Je dirais aussi que les préjugés sociétaux et le poids culturel qui nous collent aux baskets peuvent être un frein. Tu vas t’abîmer ton corps, tu vas devenir un garçon manqué, une femme qui fait du sport c’est pas vraiment du sport etc. Et la grande question : Suis-je capable ?”

Pensez-vous qu’il y a un intérêt pour une femme d’effectuer du sport au sein de sa propre entreprise? Si oui, quel serait-il?

‘’Le sport en entreprise est clé pour que les femmes se mettent davantage au sport. L’entreprise offre un cadre sécurisé et sécurisant et un réel accompagnement. Cette solution majeure au développement du sport féminin est bénéfique à la productivité, la santé et le lien social. Aussi, faire du sport dans le cadre de l’entreprise permet de se poser moins de questions sur son planning, et permet une plus grande flexibilité.”

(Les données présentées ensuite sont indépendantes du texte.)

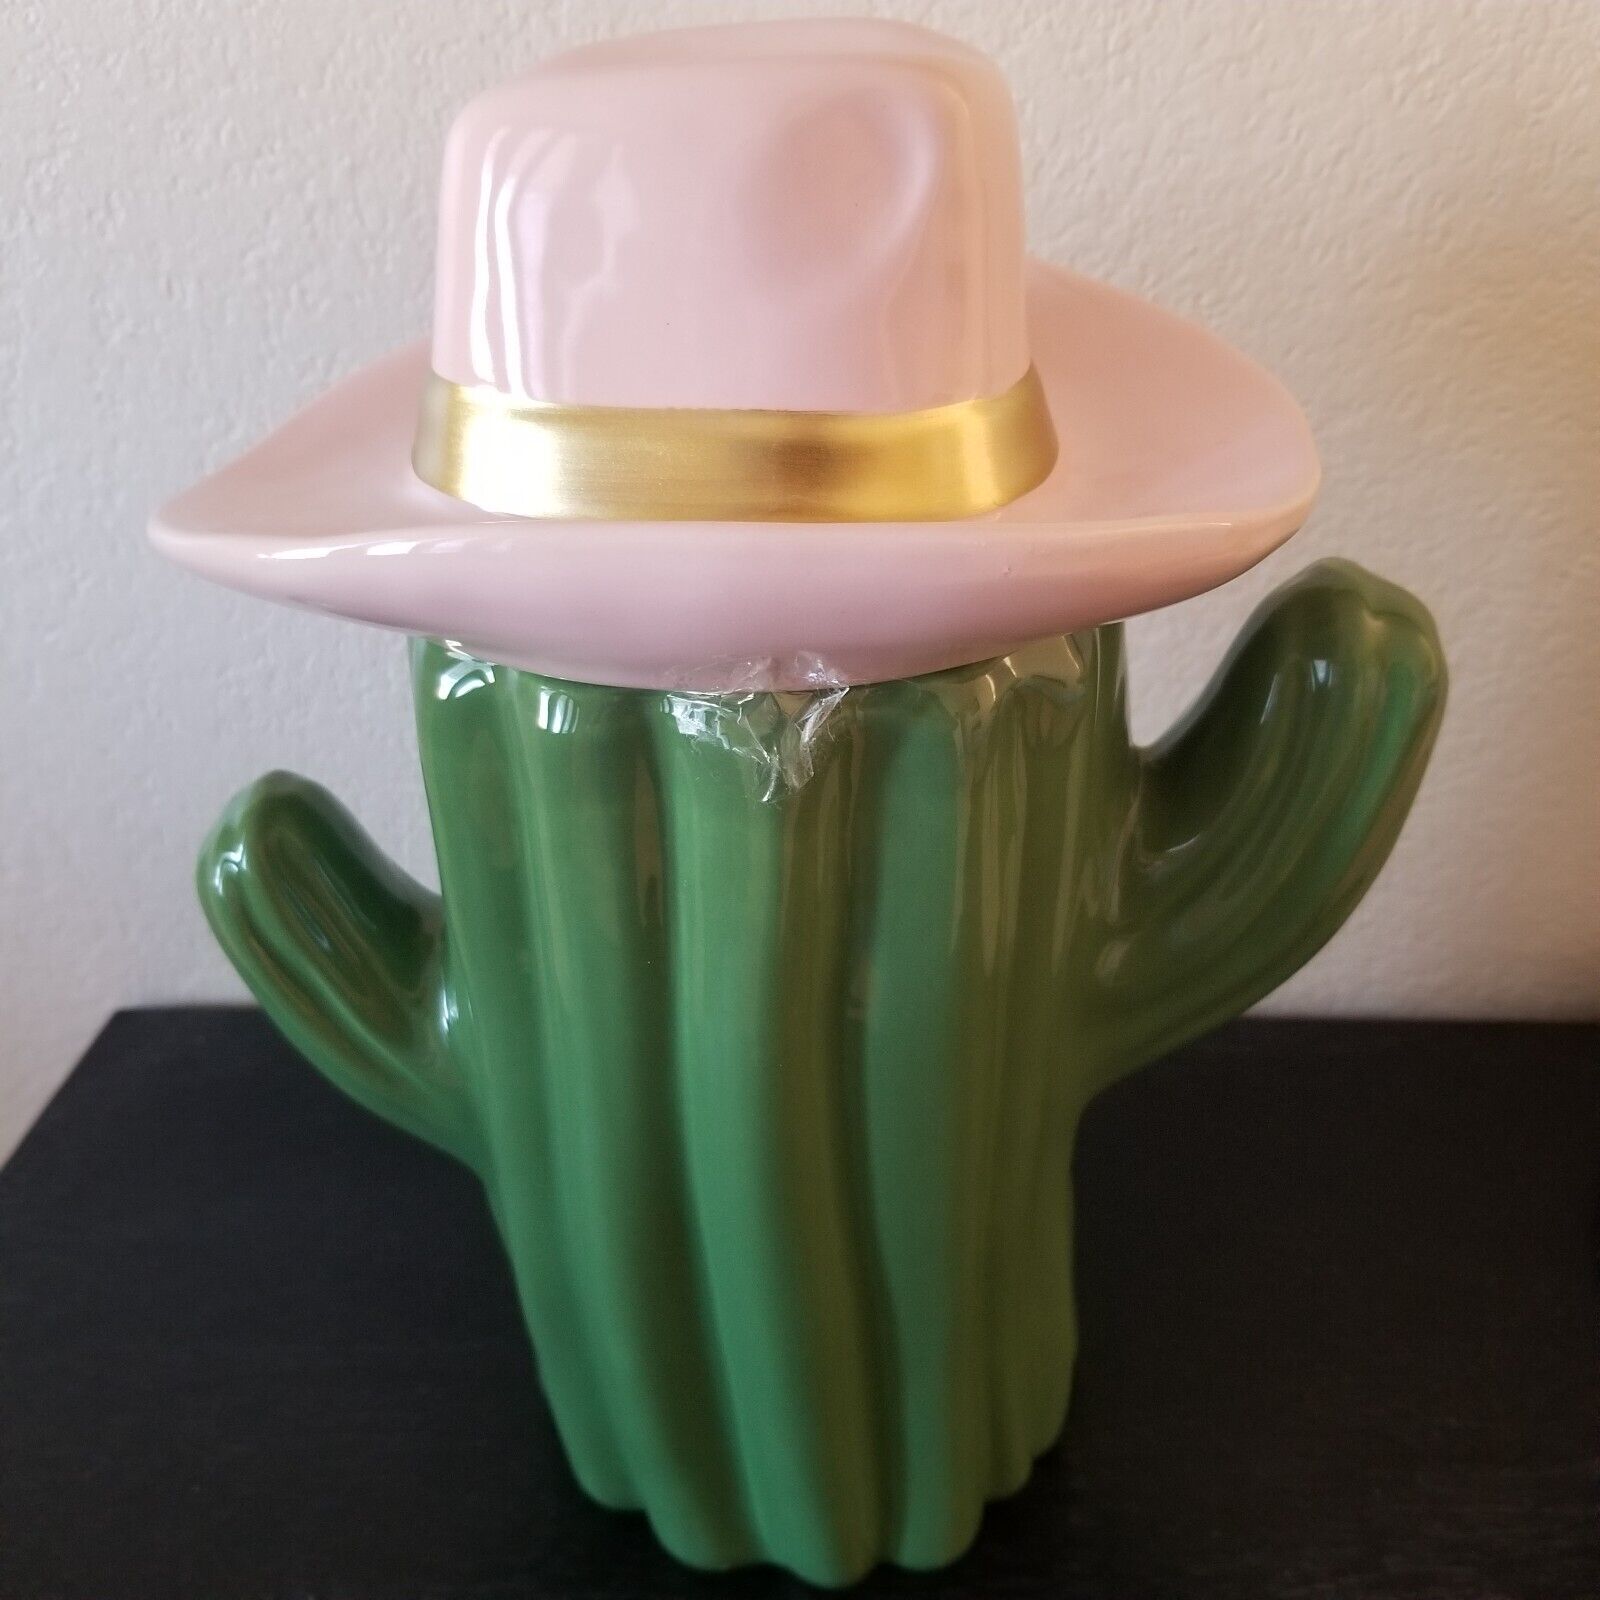 Cutest Cookie Jar Pink Cowgirl Cowboy hat CACTUS, Country Western, unique NEW
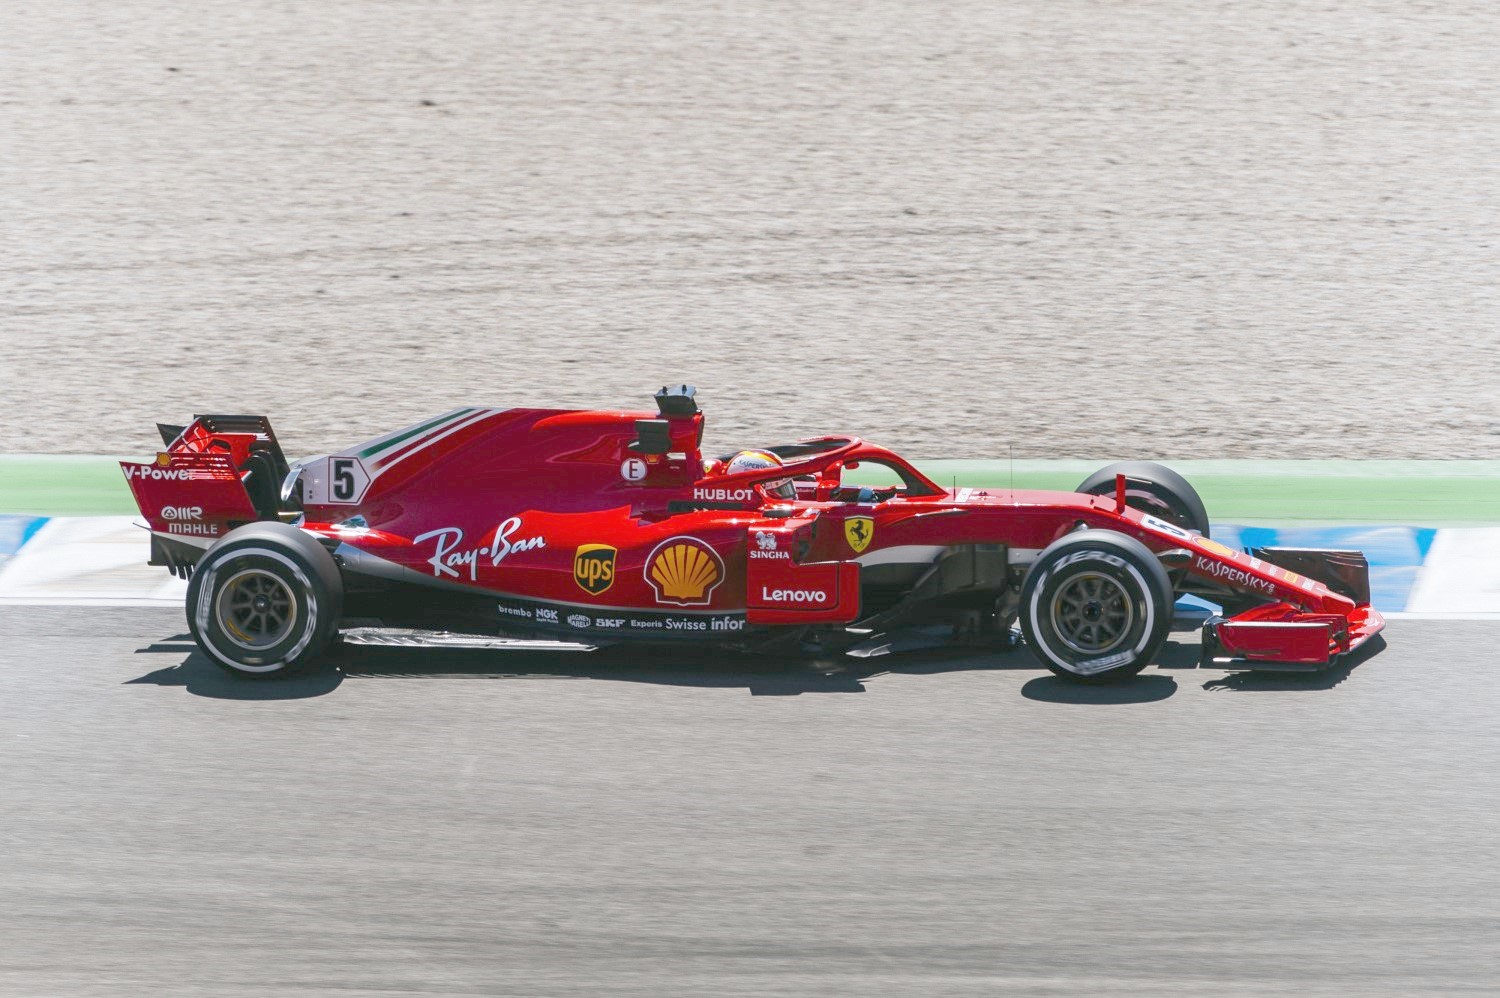 How this will affect the Ferrari F1 team remains to be seen

Nous avons constaté que nous avons beaucoup de dirigeantes exceptionnelles qui œuvrent pour le Foot Entreprise dans l’ombre mais que très rarement sur le devant de la scène. Pourquoi, selon vous?

‘’C’est ancré dans une culture que nous travaillons à changer. On en revient à la mal médiatisation du sport féminin. La femme, souvent en fonction support et très peu sur le devant de la scène, n’a pas suffisamment de role models à l’échelle grand public qui l’inspire à pousser plus loin. Plus le sport féminin et ses succès seront médiatisés, plus les femmes seront motivées à reproduire ces réussites.

Aussi, la femme a un penchant plus modeste, faire sans se vanter. Il est parfois difficile pour elle de se sentir légitime dans sa position actuelle, donc se mettre en lumière sur le devant de la scène peut paraitre une idée bien trop lointaine. Mais les mentalités changent enfin et nous constatons aujourd’hui une prise de conscience et de confiance des femmes’’.

Pour finir, quel serait selon vous un monde idéal pour les sportives ? Un monde dans lequel votre magazine n’aurait plus lieu d’être ?

‘’Le monde idéal pour les sportives, selon moi, n’est pas un monde d’égalité, mais d’équité. Pour ce qui est du magazine, quand j’ai créé les Sportives il y a 5 ans, je voulais apporter ma pierre à l’édifice pour qu’un jour on ne parle plus de sport féminin ou masculin, mais de sport tout simplement. Je me disais que dans un monde idéal, mon magazine n’aurait plus lieu d’être. Mais je réalise aujourd’hui, au fil de mes rencontres et aventures, qu’il y aura toujours des sportives. Nous sommes des millions, il y aura toujours des milliers d’histoires à raconter et il n’y aucune raison que cela s’arrête un jour’’.

Merci beaucoup pour votre temps et ces mots, Aurélie.